What you will do >> Copy the listing exactly as given. Omit every picture.

Supplied data >>
________________

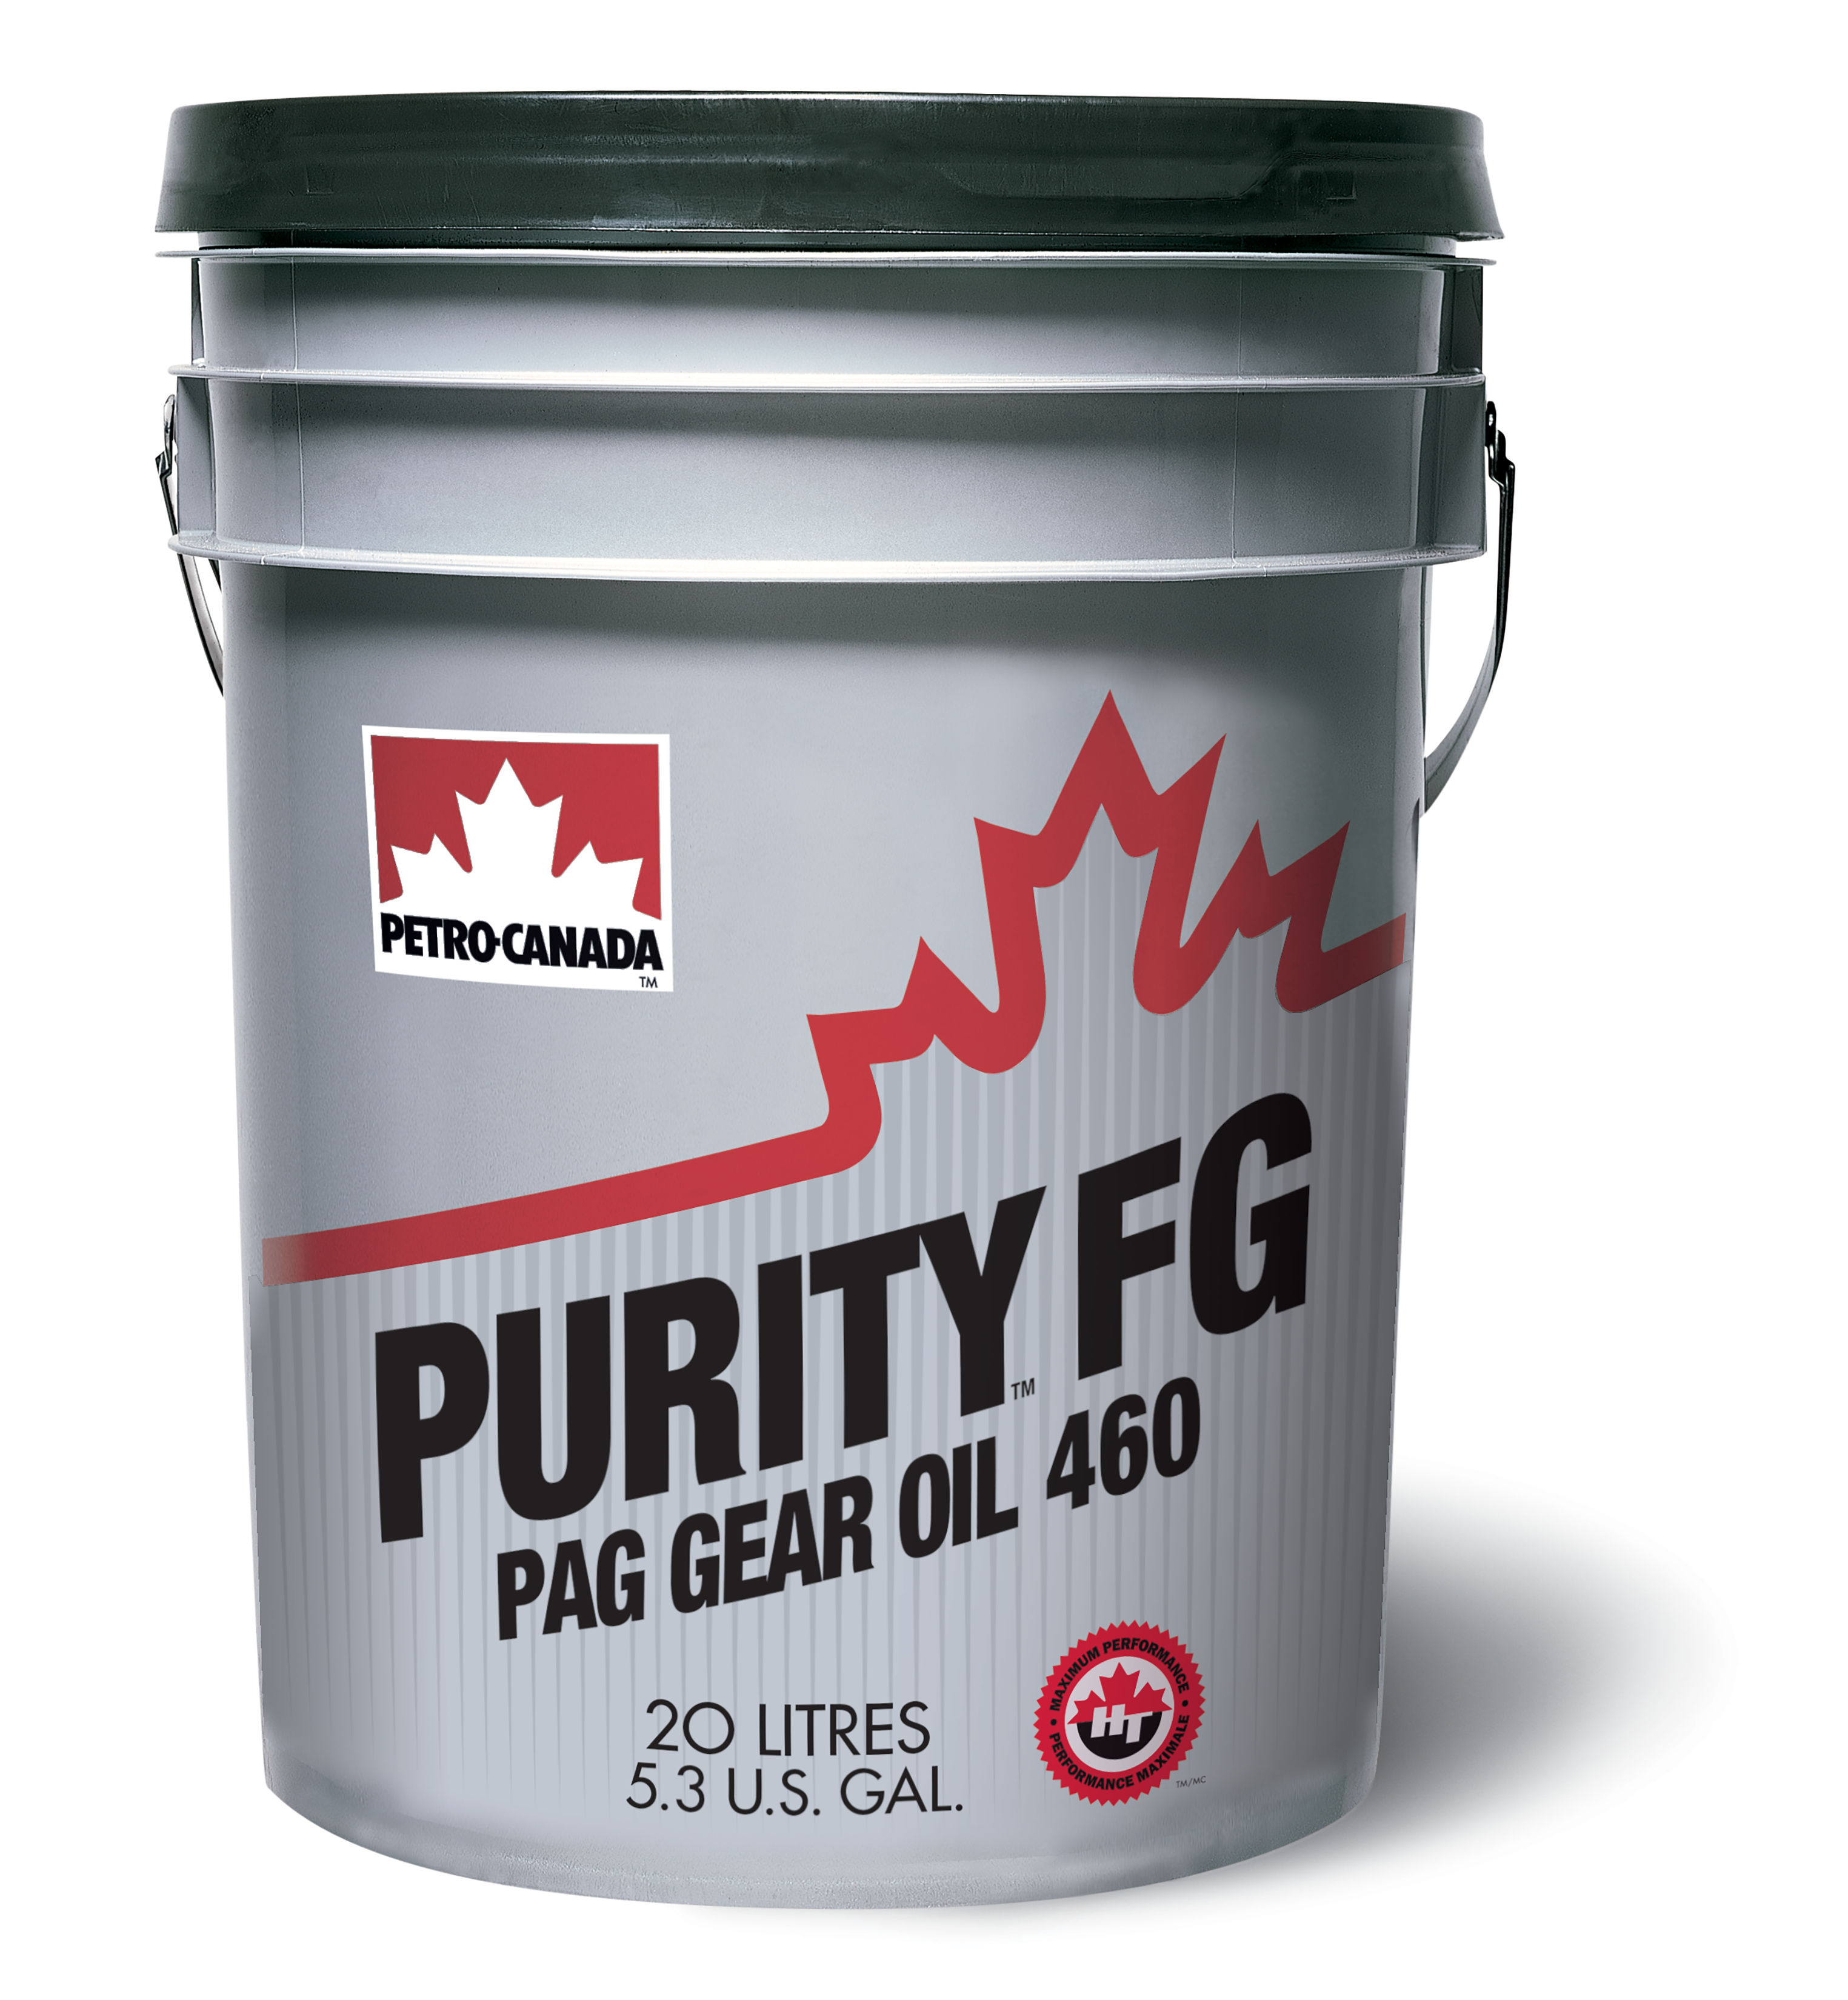 Petro-Canada Purity FG PAG Getriebeöl 460
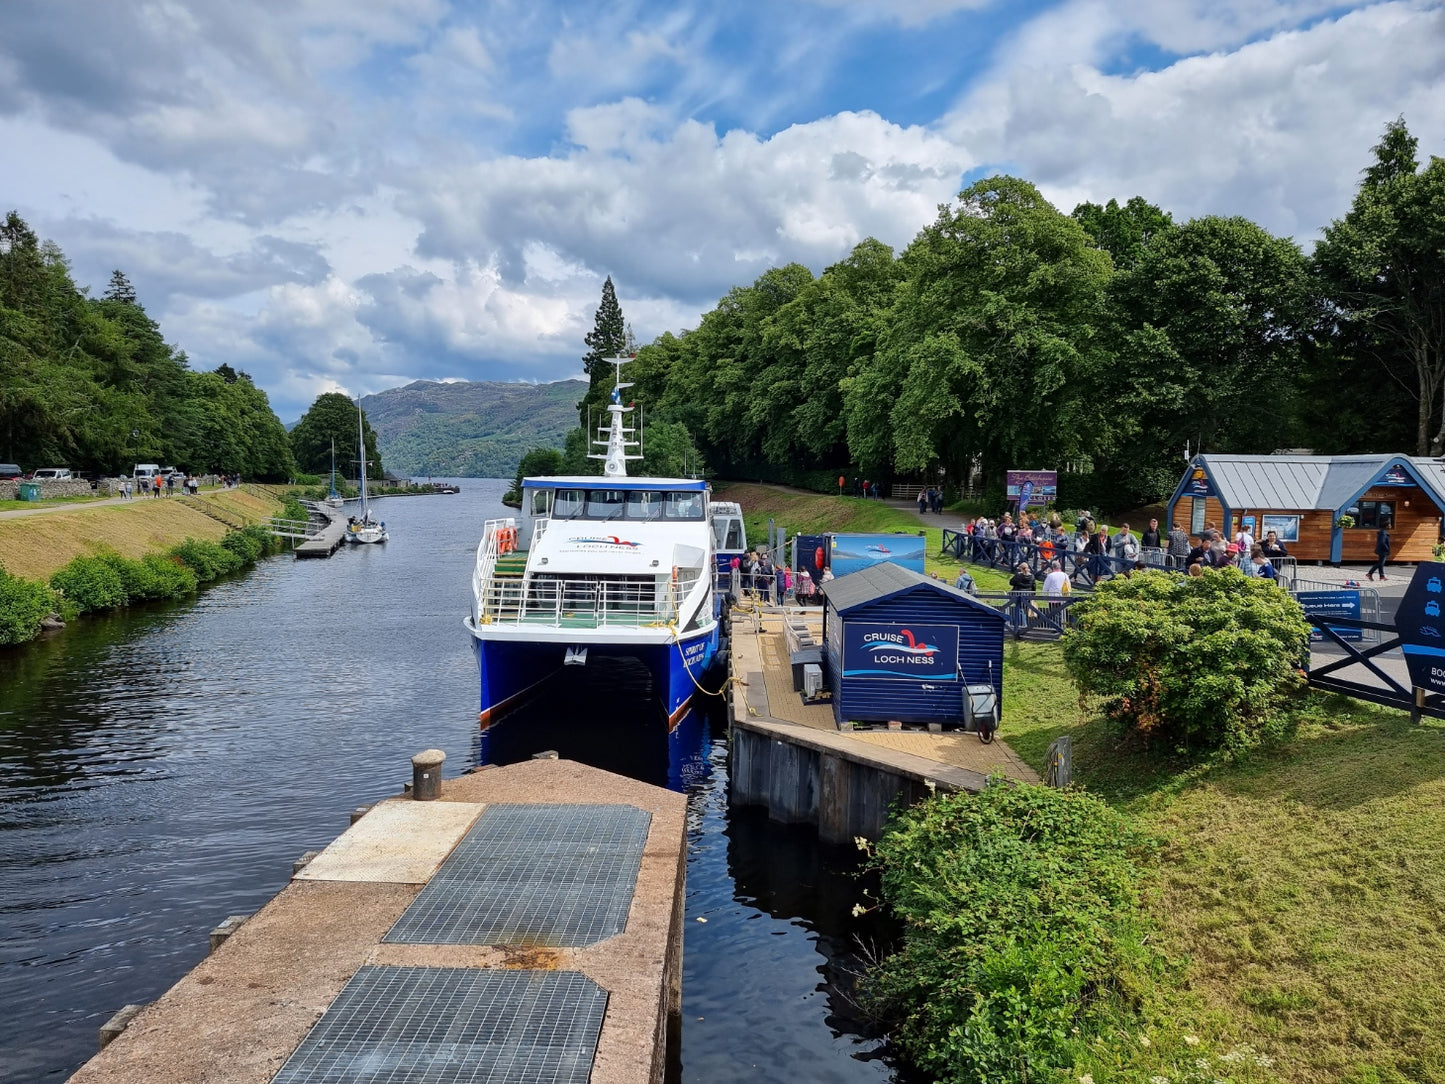 Loch Ness Day Tour from Edinburgh or Glasgow
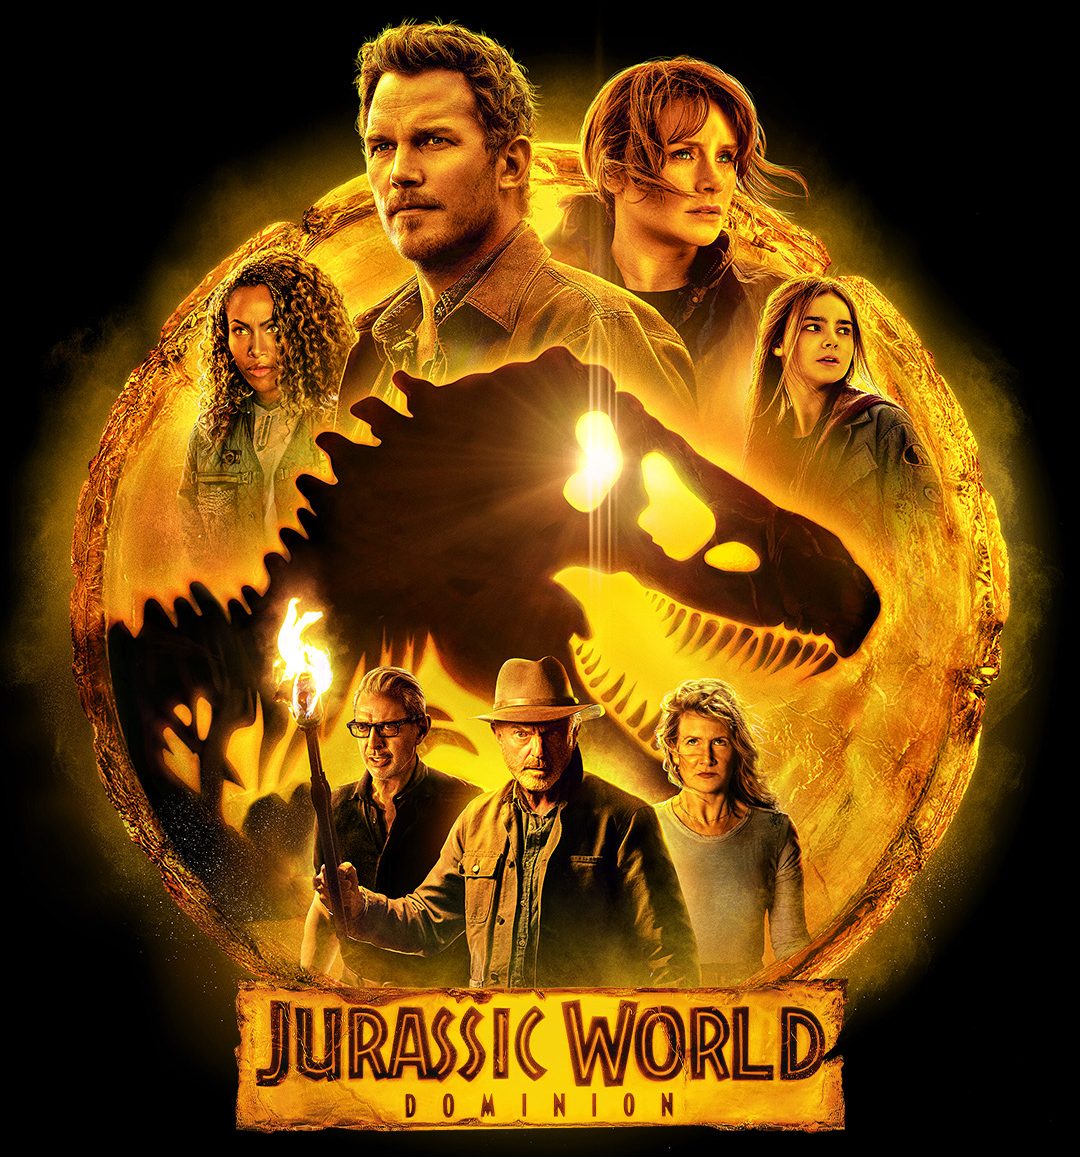 “Jurassic World Night” Tonight on NBC!

________________

Answer section >>
 Petro-Canada Purity FG PAG Getriebeöl 460
 Loch Ness Day Tour from Edinburgh or Glasgow
 “Jurassic World Night” Tonight on NBC!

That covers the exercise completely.